Monday, February 22, 2010

Aspiring filmmaker, Ryan McPherson

Today we're talking with aspiring filmmaker, Ryan McPherson--a student at SUNY Brockport.

Ryan, tell us about how you develop a script.

What I have done in my short time writing, is taking an idea, an image, or even just a small detail, and trying to run with it. Generally I try to stick with things that are at least somewhat familiar only because I feel more confident in what I'm writing when I actually know what I'm writing about.

What kind of stories do you think translate well into film?

I have always felt that the stories that adapt best to film are ones with really strong and unique characters. I feel like good dialogue and good character development can make any idea into a decent movie. My favorite scene in film history is the beginning scene of Reservoir Dogs. The fact of the matter is that it really doesn't "do" anything for the film and it's not vital to the rest of the story, but it gives you some insight on who the guys are. After that scene you almost want to root for these guys. Without that scene the rest of the movie might have just been a typical gangster film that would easily have been forgotten.

You are currently in pre-production on a project, what are your next steps?

I have been trying to put together a film project for the past couple of years. I have found quite a few interested people in both acting and working as crew members on the film. I have been trying to accumulate funding for such a project. After finding funding I would try to push something right into production.

What do you think about the filmmaking community in the Rochester area?

I don't know as much about the filmmaking community in Rochester as I do about the film community. The film community seems to be a rich one. Every time I go to the theaters be it a megaplex or an independent theater there is usually a huge crowd.

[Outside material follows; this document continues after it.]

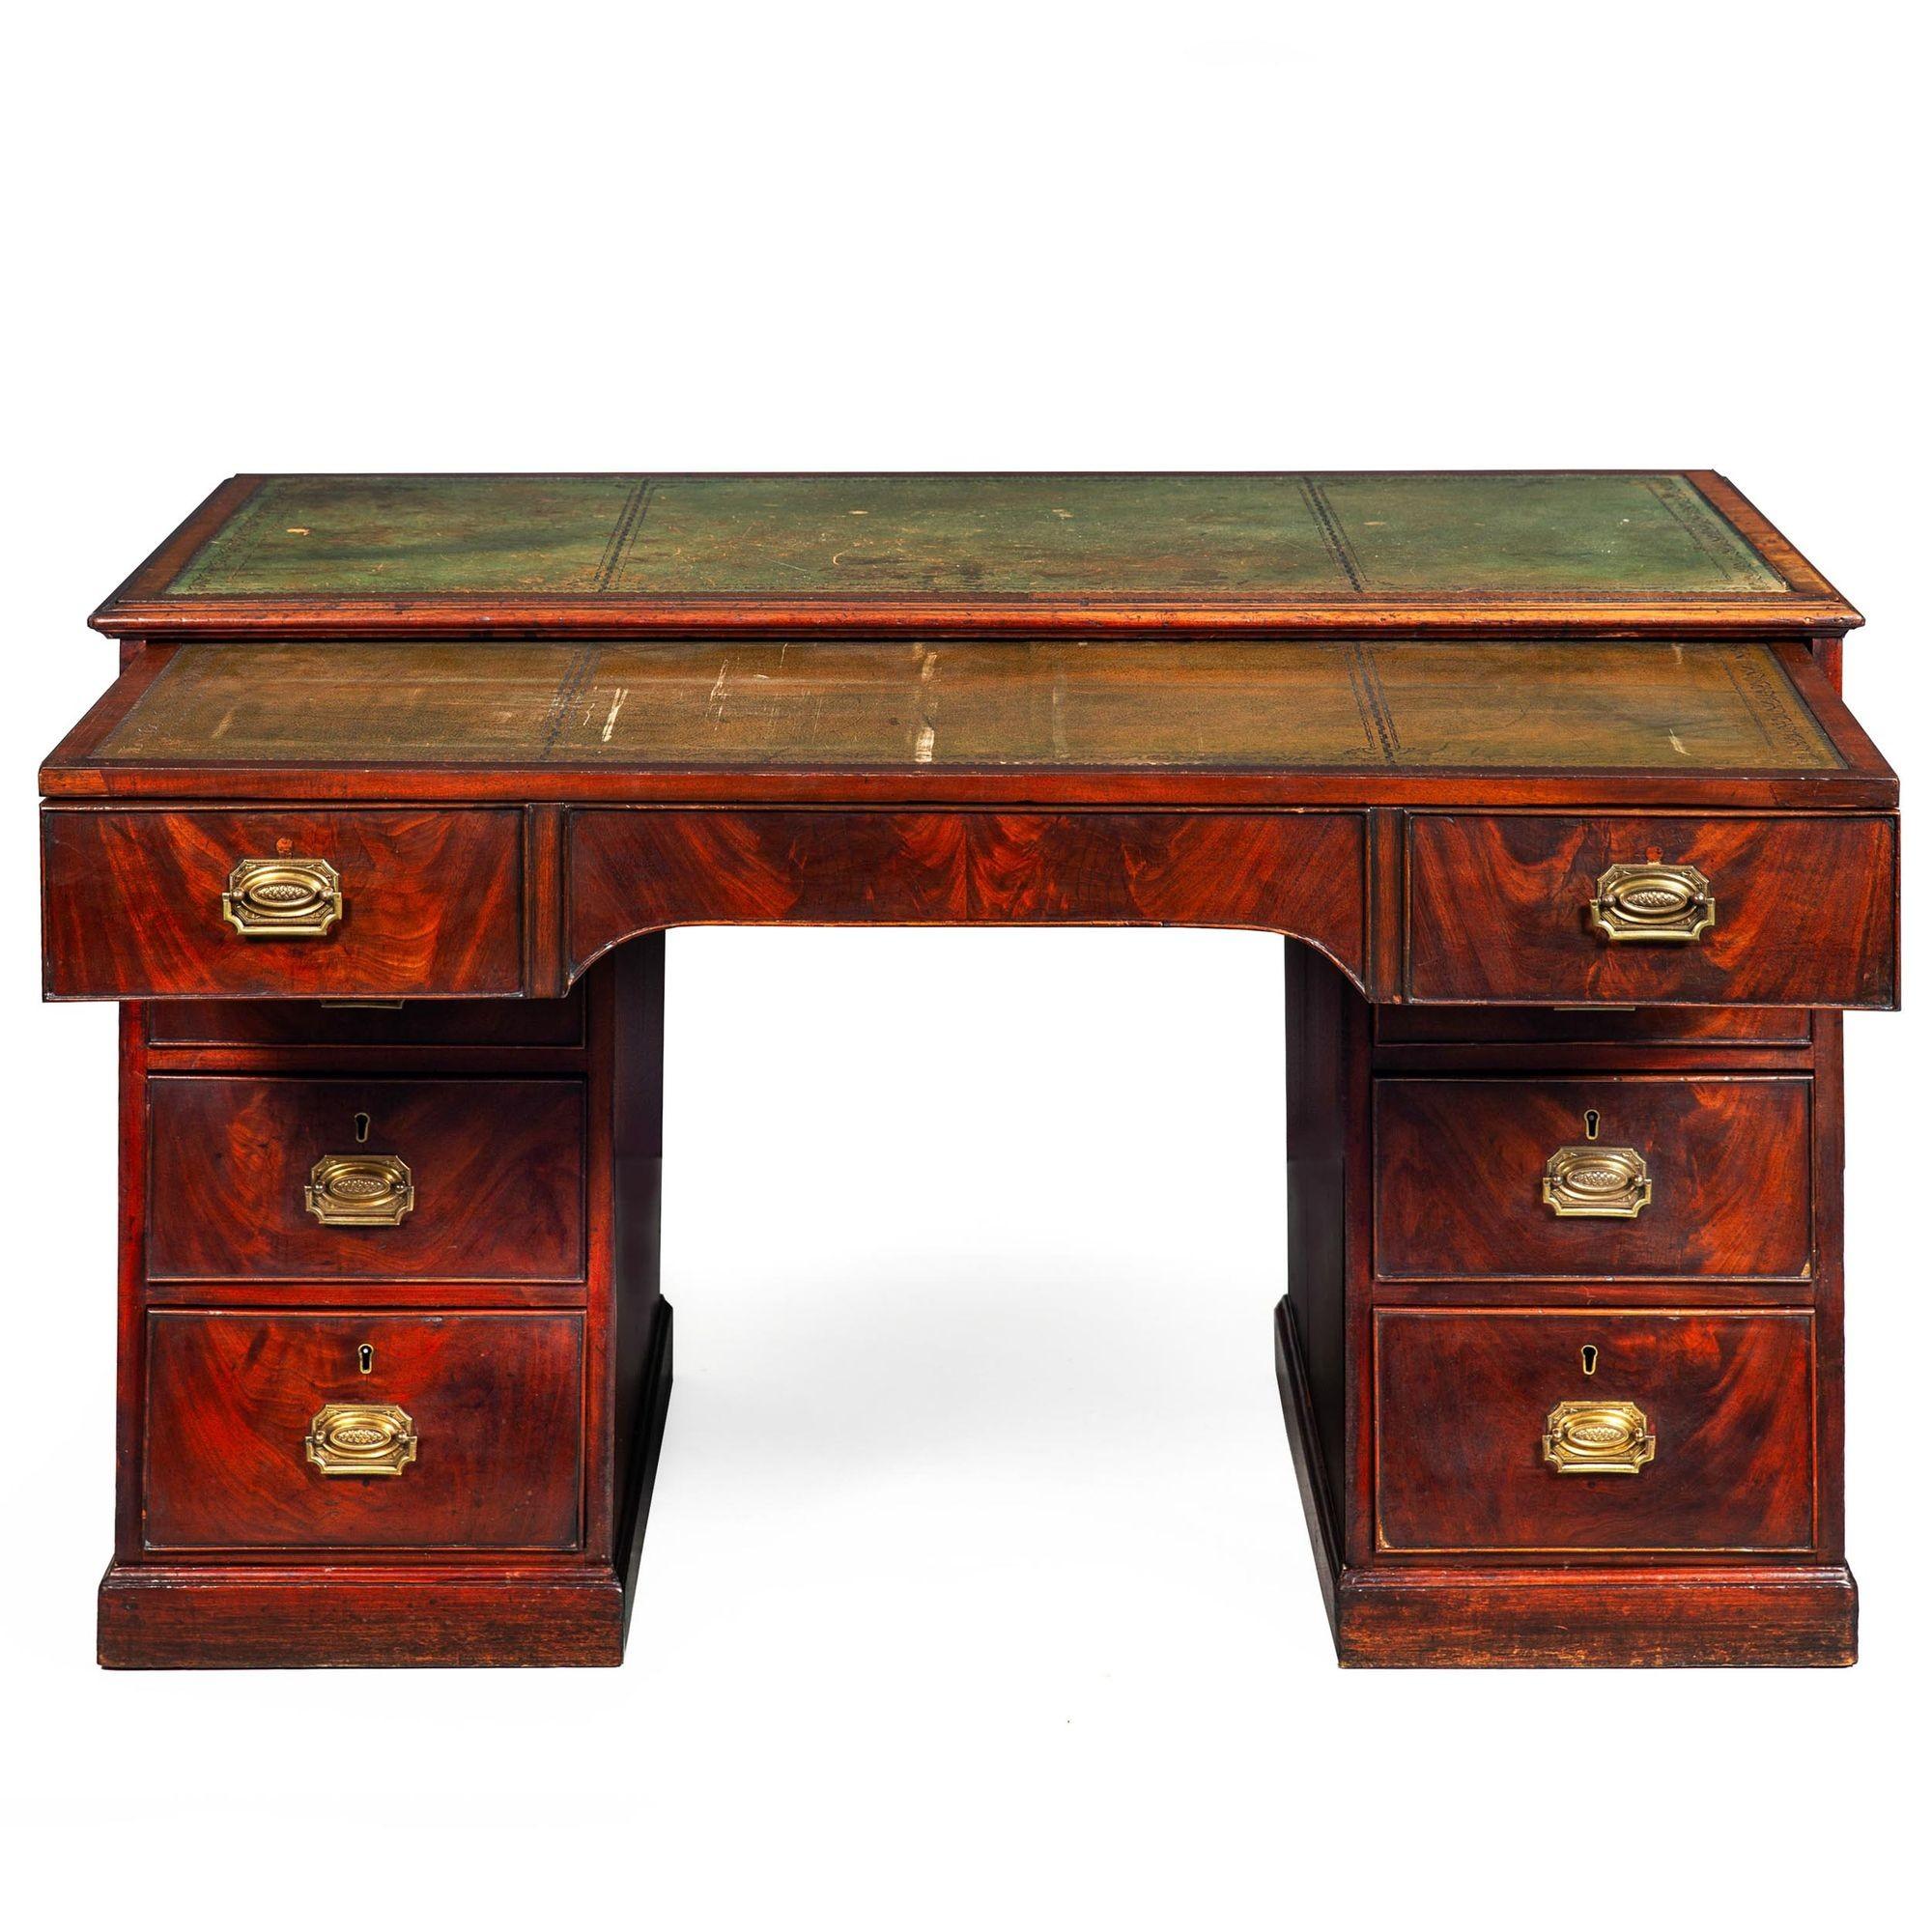 GEORGE III MAHOGANY & TOOLED LEATHER PEDESTAL DESK WITH 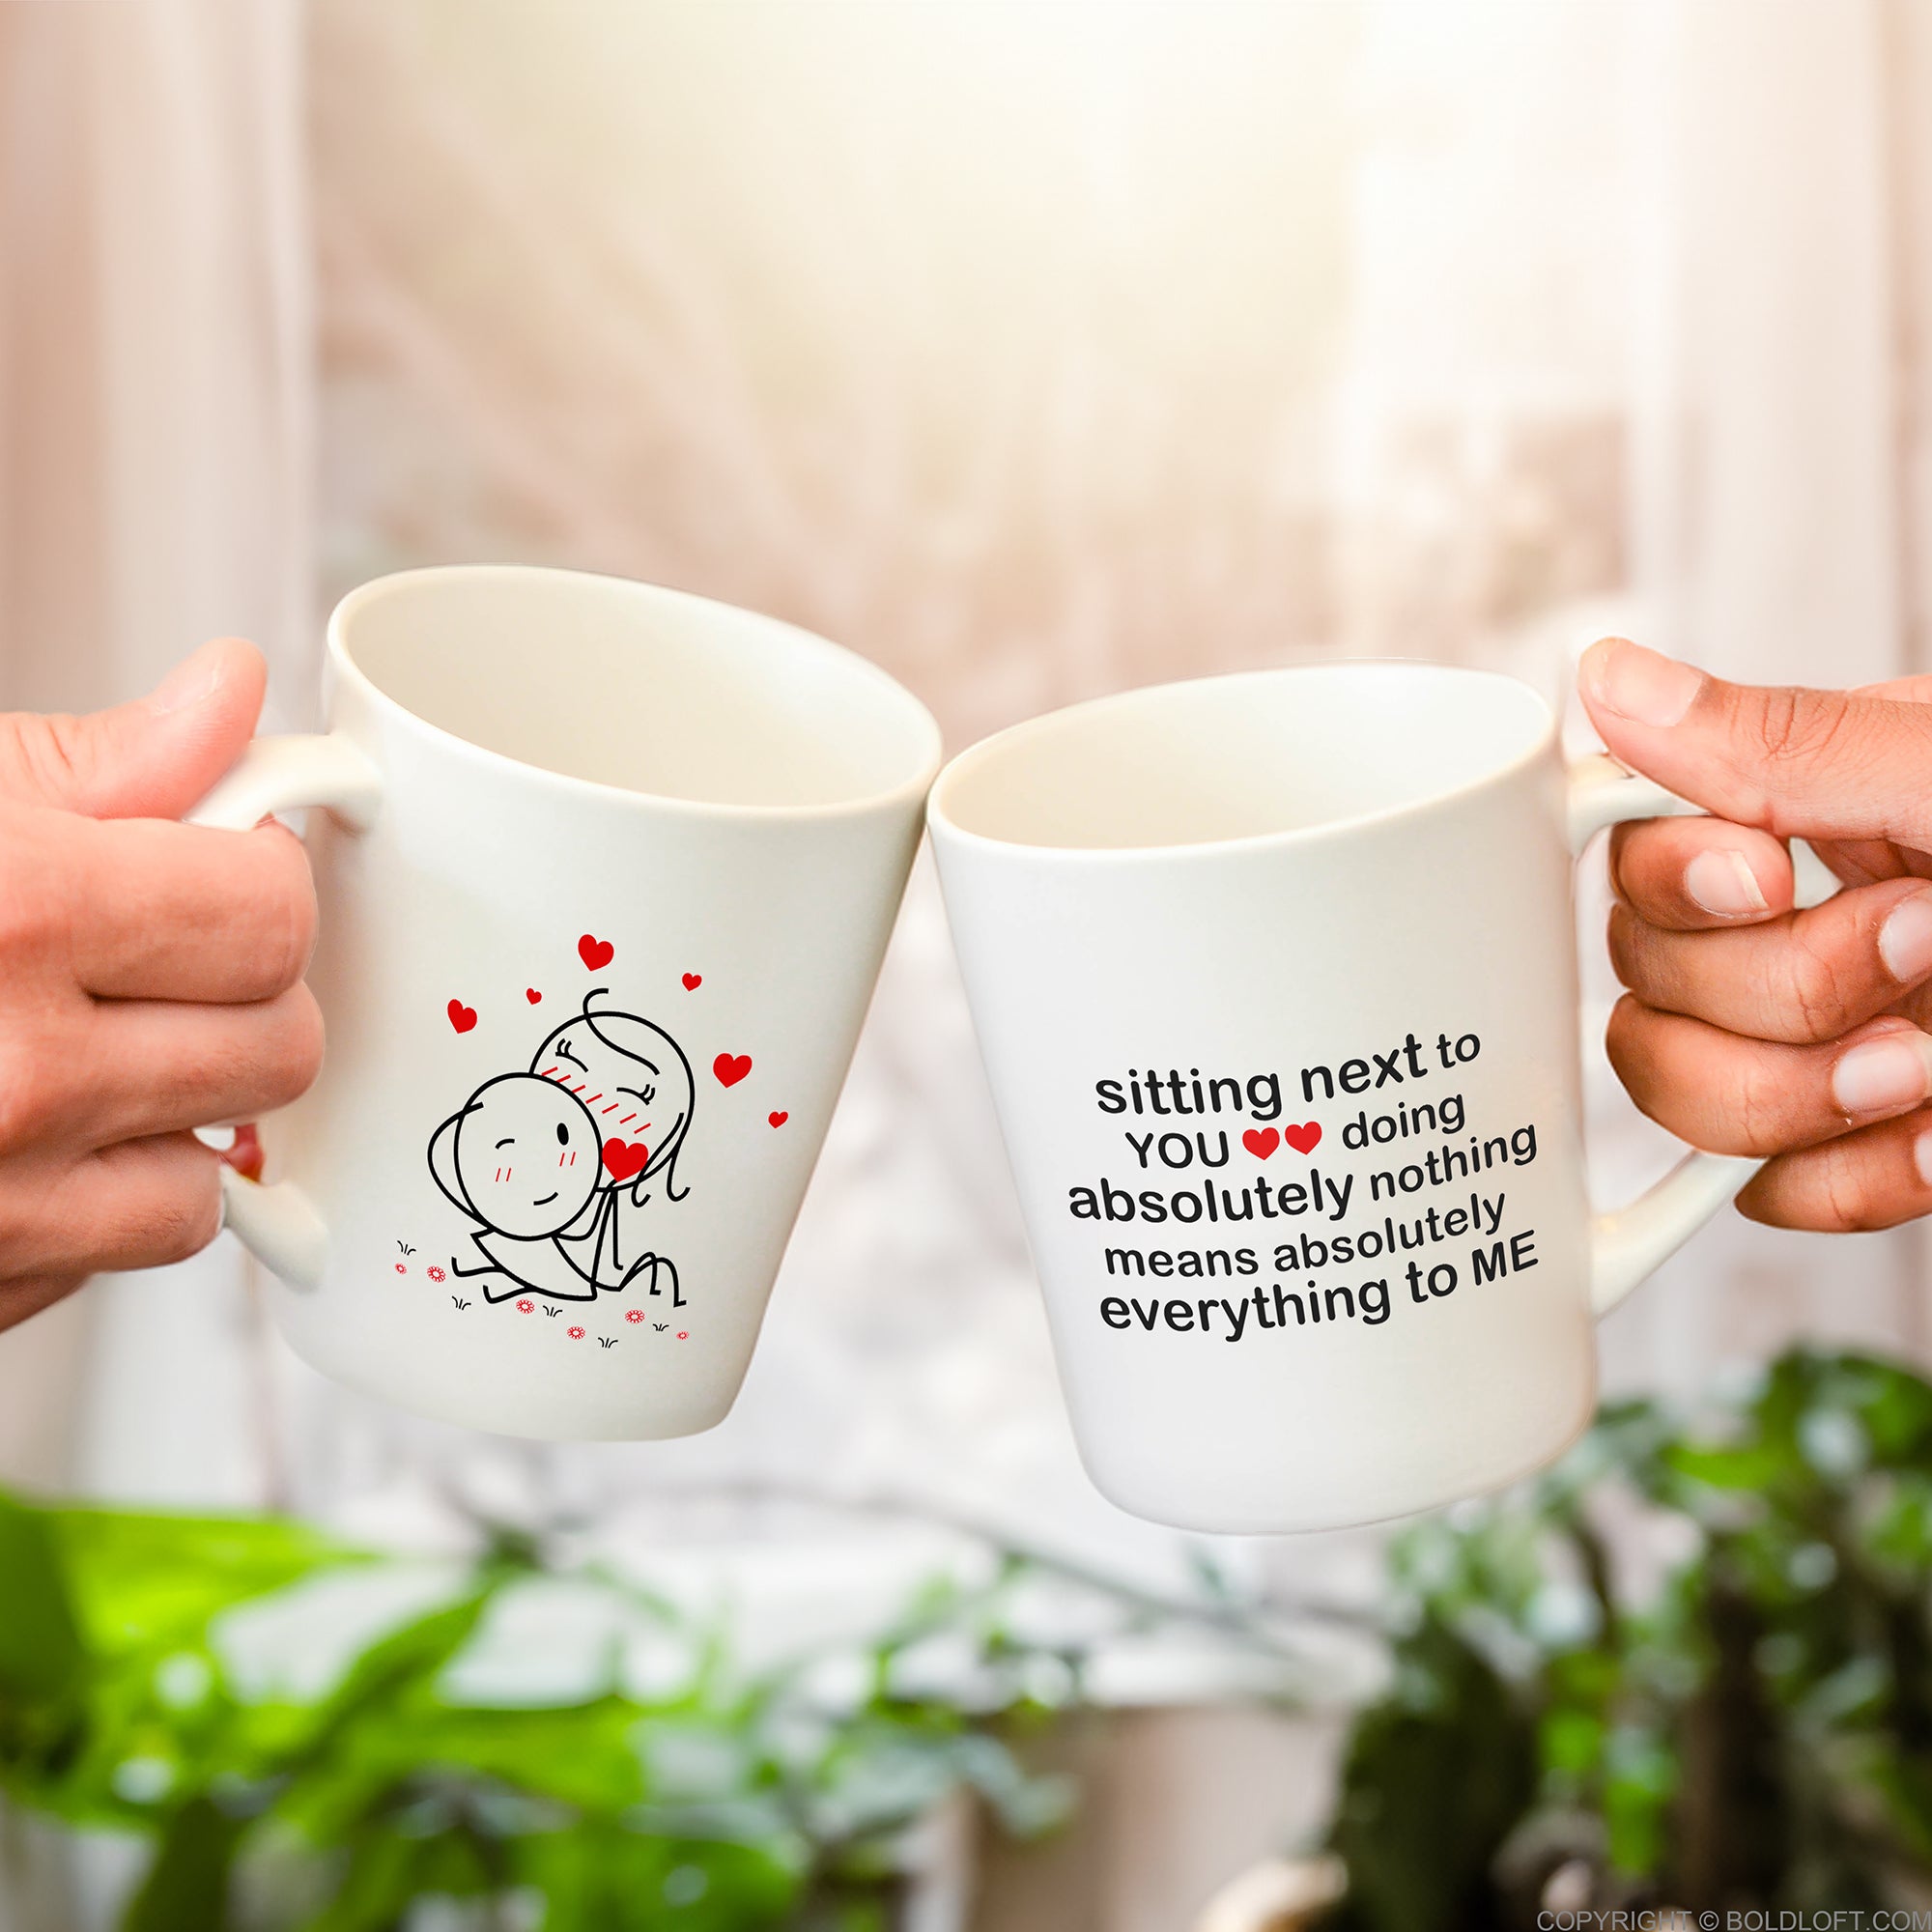 BoldLoft You Mean Everything to Me Couple Mugs-His and hers mugs with love quotes

I think the filmmaking community is growing with the great programs at the area colleges and the new possibilities there are for independent filmmakers.

Any advice for other aspiring screenwriters or filmmakers?

I am quite new at this myself, so I would feel bad giving advice to people who aren't far behind me. I guess I would say read and watch films. Some great filmmakers never spent a day in film school. You can get a lot of experience with a movie rental and library card. See what people are doing and what their writing and making. I haven't gone to film school (yet?), but I have seen thousands of movies and read dozens of scripts and books about filmmaking.